In Previous Years Questions
HDFS is a distributed file system designed to store and manage large data sets across a cluster of machines.
It adopts a simple but effective approach to data storage:
1. Data Splitting
- Large files are broken down into fixed-size blocks, typically 64MB or 128MB.
- This partitioning enables parallel processing, where each block can be processed independently across different nodes in the cluster.
2. Block Replication
- Each data block is replicated across multiple nodes in the cluster, ensuring data availability even if one node fails.
- Replication factor is configurable, allowing for a balance between data redundancy and storage efficiency.
3. Metadata Management
- The NameNode acts as the central authority, storing metadata about all files and blocks in the system.

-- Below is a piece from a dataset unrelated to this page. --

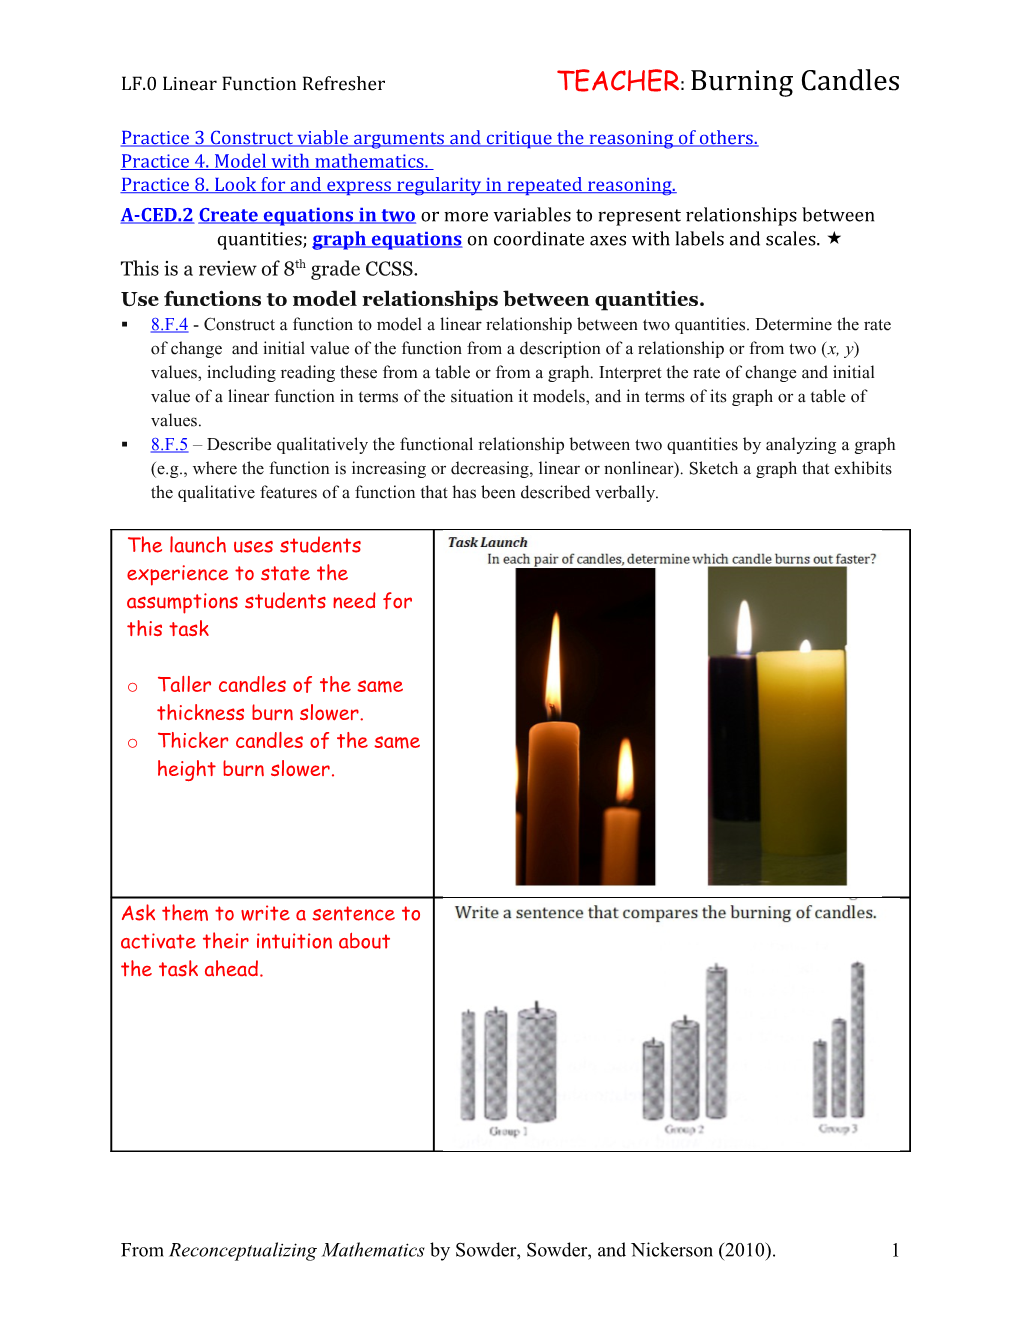 LF.0 Linear Function Refresherteacher: Burning Candles
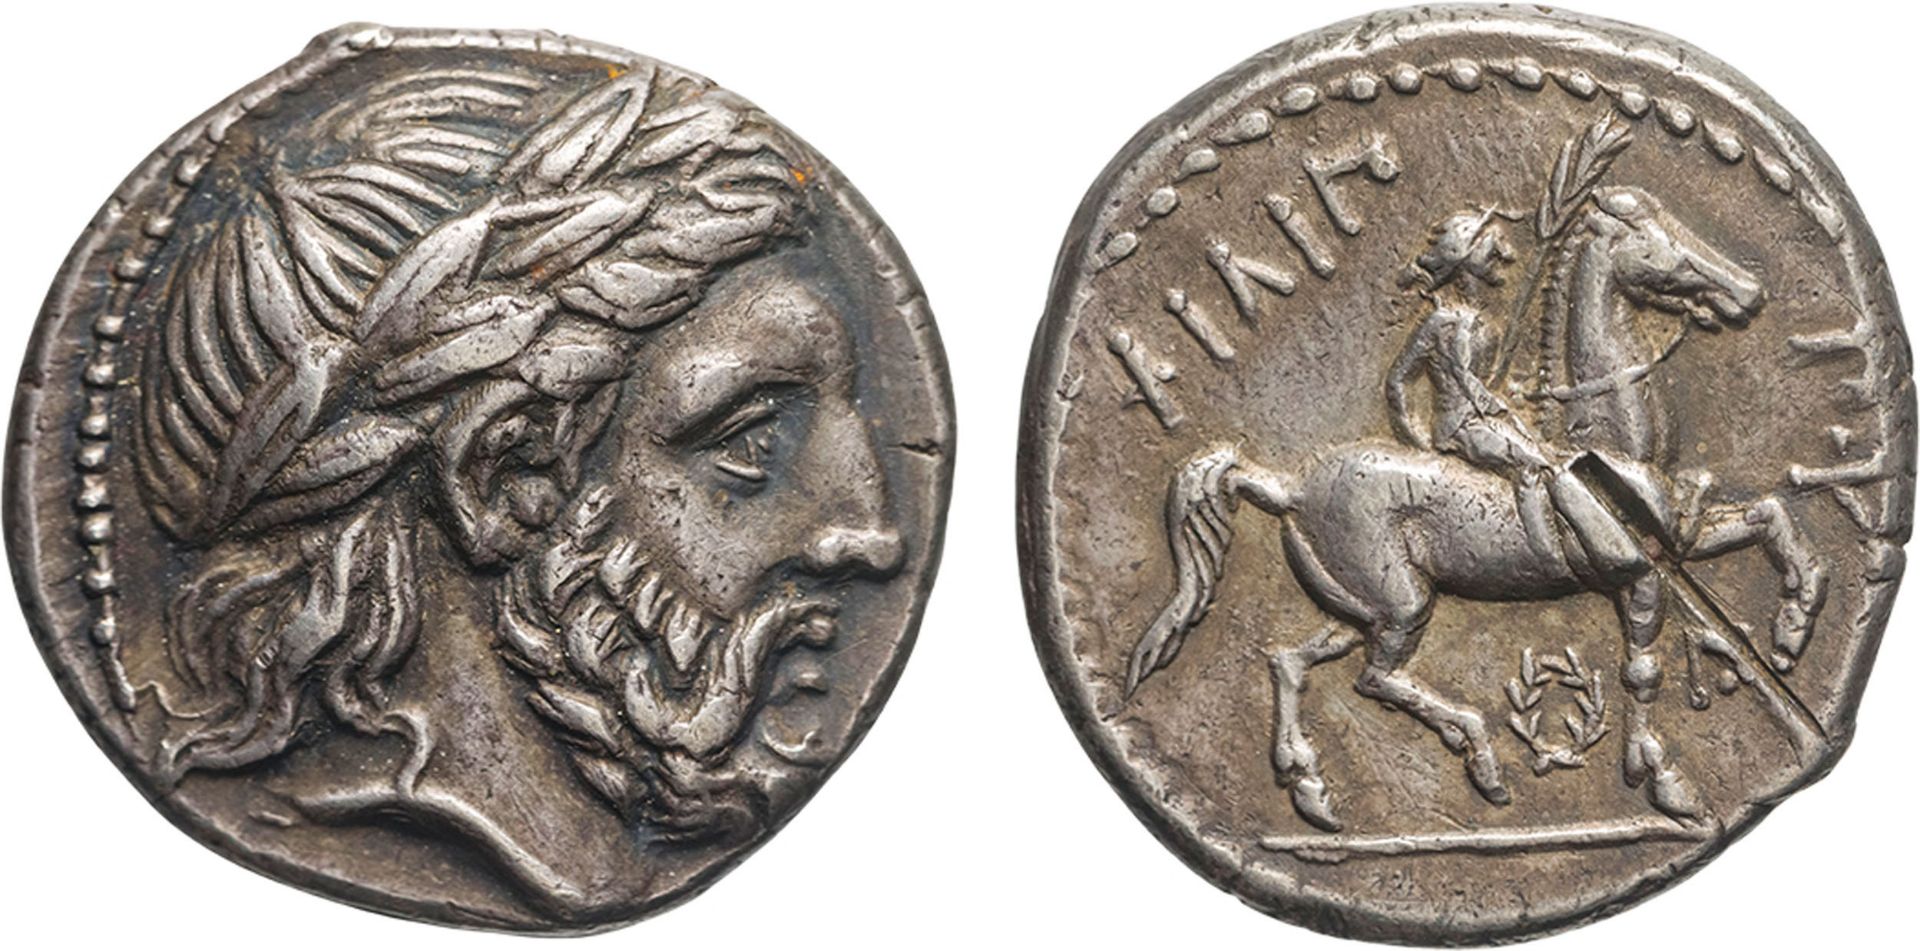 MONETE GRECHE. MACEDONIA. FILIPPO II (359-336 A.C.). TETRADRACMA

- This metadata includes block locations, replication factors, and file permissions.
- The DataNodes store the actual data blocks and report their health status to the NameNode.
4. Data Read and Write Operations
- Clients interact with the NameNode to locate the desired data blocks.
- The NameNode directs the client to the DataNodes where the blocks are located.
- Clients can then read or write data directly to the DataNodes.
Example
Imagine you want to store a 1GB file containing weather data in HDFS.
The process would be as follows:
- File Splitting: The file is split into 16 blocks of 64MB each.
- Block Replication: Each block is replicated 3 times across different DataNodes in the cluster.
- Metadata Management: The NameNode stores the information about the file, including the block locations and replication factors.
- Data Storage: Each DataNode stores three copies of each block, resulting in a total of 48 blocks stored across the cluster.